During the early half of the 20th century, Mid-Atlantic classroom speech was designed, codified, and advocated by certain phoneticians and teachers in the U.S., linguistic prescriptivists who felt that it was the best or most proper way to speak English. According to voice and drama professor Dudley Knight, "its earliest advocates bragged that its chief quality was that no Americans actually spoke it unless educated to do so". During the period when Mid-Atlantic accents acquired cachet within the American entertainment industry, certain stage and film actors performed them in classical works or when undertaking serious, formal, or upper-class roles, while others adopted them more permanently in their public lives. After the mid-20th century, the accent became regarded as affected and is now rare.

==Terminology==
No consistent label exists for this type of speech, particularly in its own era. It has increasingly become known as a Mid-Atlantic accent, or Transatlantic accent, terms that refer to its perceived mixture of American and British features. In specifically theatrical contexts, it is also sometimes known by names like American Theatre Standard or American stage speech. Its promoters variously called it World (Standard) English, Good (American) Speech, Eastern (American) Standard, or simply Standard English.

== History ==
===Origins===
According to the vocal coach and drama professor Dudley Knight, in the 19th century through the early 20th century, formal public speaking in the United States primarily focused on song-like intonation, lengthily and tremulously uttered vowels (including overly articulated weak vowels), and a booming resonance. He also asserts that, when the 20th century began, "American actors in classical plays all spoke with English accents", due to the high prestige of English Received Pronunciation (RP), the standard accent of England, a label that emerged in the 1920s. One of the most notable RP features is non-rhoticity, or R-dropping: the deleting of the phoneme //r// everywhere except before vowel sounds. The authors of the 2006 work Atlas of North American English describe non-rhoticity "as a characteristic of British Received Pronunciation, was also taught as a model of correct, international English by schools of speech, acting, and elocution in the United States up to the end of World War II. It was the standard model for most radio announcers". Linguist Geoff Lindsey argues that another major contribution to the RP elements in early Hollywood sound films is the simple fact that many of the actors themselves originated from around the British Commonwealth, throughout which RP was the educated standard.

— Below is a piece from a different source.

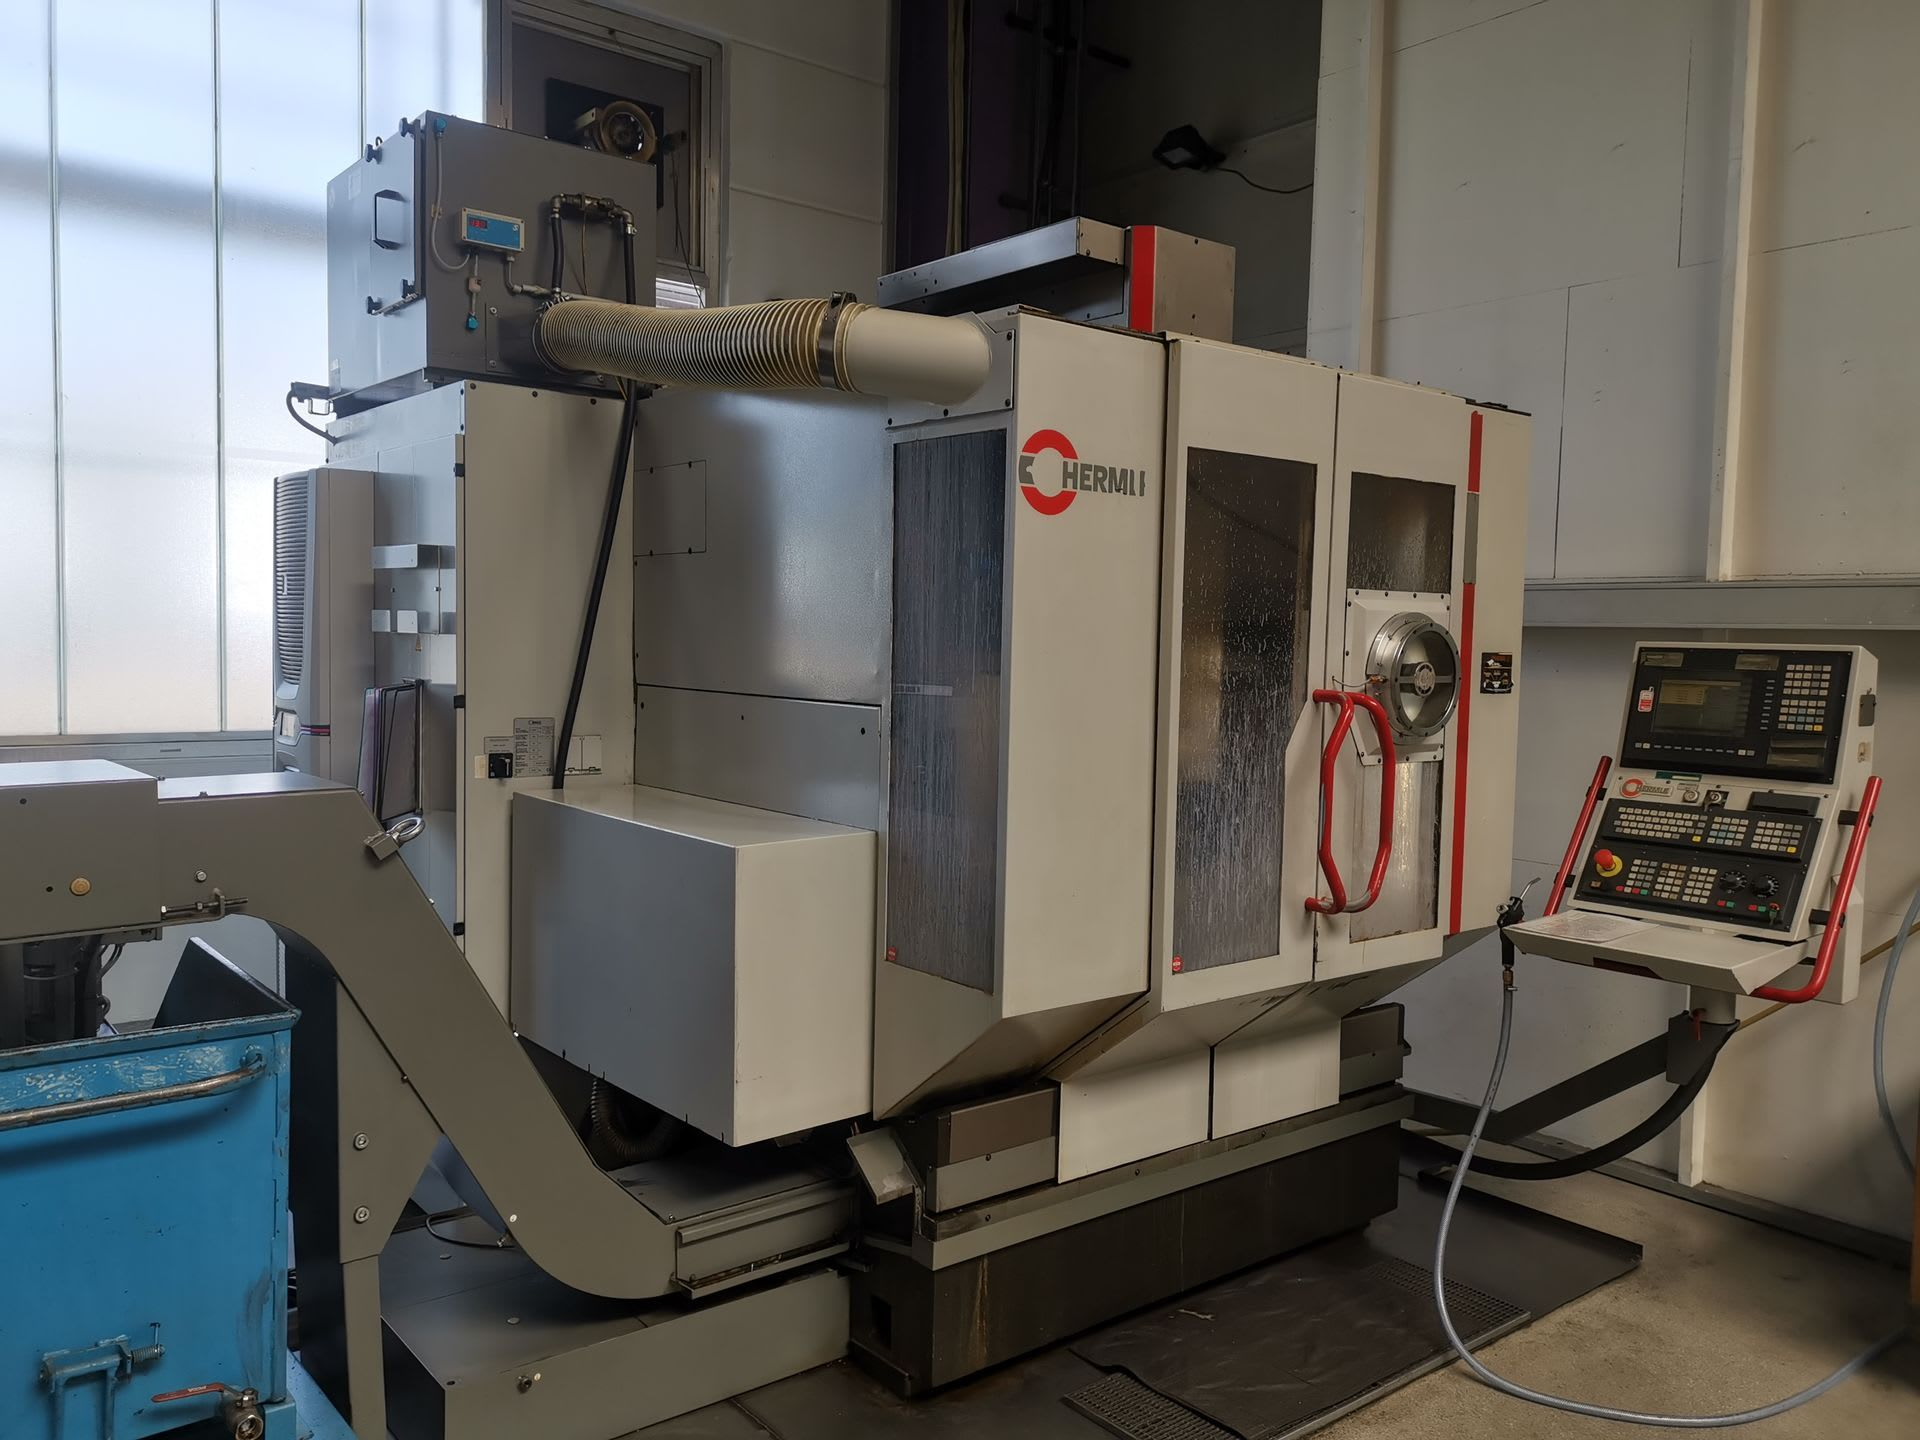 HERMLE C 800 U CNC 5-Achs Bearbeitungszentrum

Even before the early 20th century, ordinary Eastern New England accents as well as Northeastern elite accents spoken by groups like the New York elite and the Boston Brahmins, the coastal New England upper class, already shared notable features with RP such as non-rhoticity and the trap–bath split. Boston was the American center for training in elocution, public speaking, and acting in the very early 20th century; therefore, these Northeastern-originated accents also likely contributed to those features becoming popular in American theatre and cinema. Educated Northeastern American and RP accents already were regarded as prestigious before, and during the early decades of, the 20th century.

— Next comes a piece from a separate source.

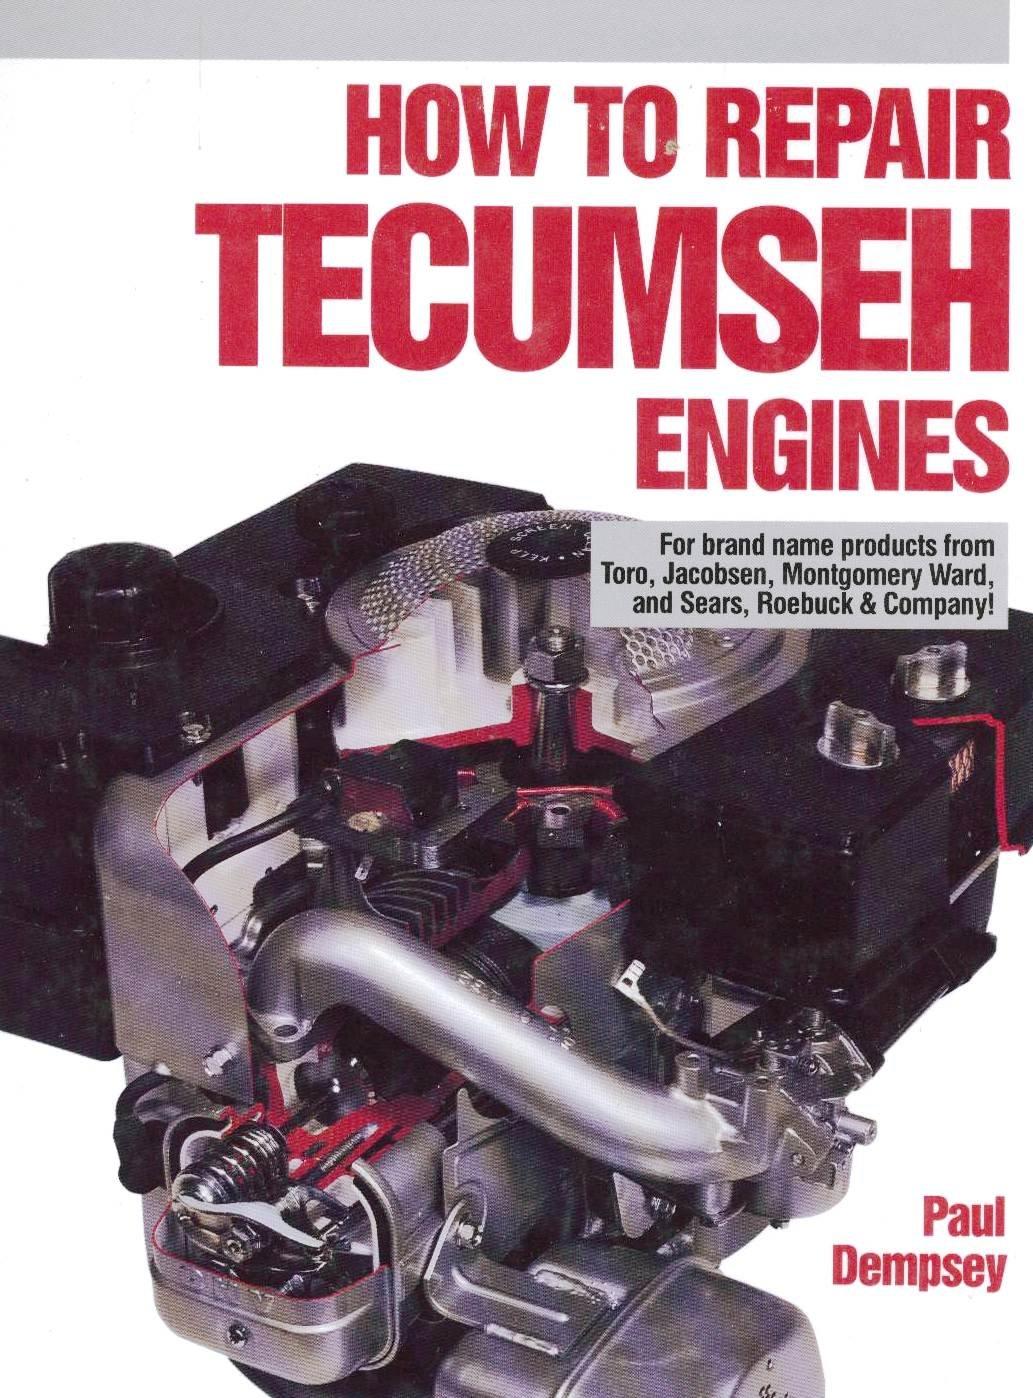 How to Repair Tecumseh Engines: Paul Dempsey: 9780830683574

The codification of a Mid-Atlantic accent for American classrooms was largely initiated by the Australian phonetician William Tilly (né Tilley), who championed a version of the accent that, for the first time, was standardized with an extreme and conscious level of phonetic consistency. Teaching in Columbia University's extension program in New York City from 1918 to around the time of his death in 1935, he sought to popularize his standard of a "proper" American pronunciation for teaching in public schools and using in one's public life. A proponent of precise phonetic transcription, Tilly was perhaps the most influential speech instructor in the U.S. in the first half of the 20th century. Calling his new standard World English, he mostly attracted a following of English-language learners and New York City public-school teachers. Ordinary Americans have the tendency to perceive World English as sounding British, which Tilly's students sometimes acknowledged and other times denied. According to Dudley Knight:
World English was a speech pattern that very specifically did not derive from any regional dialect pattern in England or America, although it clearly bears some resemblance to the speech patterns that were spoken in a few areas of New England, and a very considerable resemblance ... to the pattern in England which was becoming defined in the 1920s as "RP" or "Received Pronunciation". World English, then, was a creation of speech teachers, and boldly labeled as a class-based accent: the speech of persons variously described as "educated," "cultivated," or "cultured"; the speech of persons who moved in rarefied social or intellectual circles; and the speech of those who might aspire to do so.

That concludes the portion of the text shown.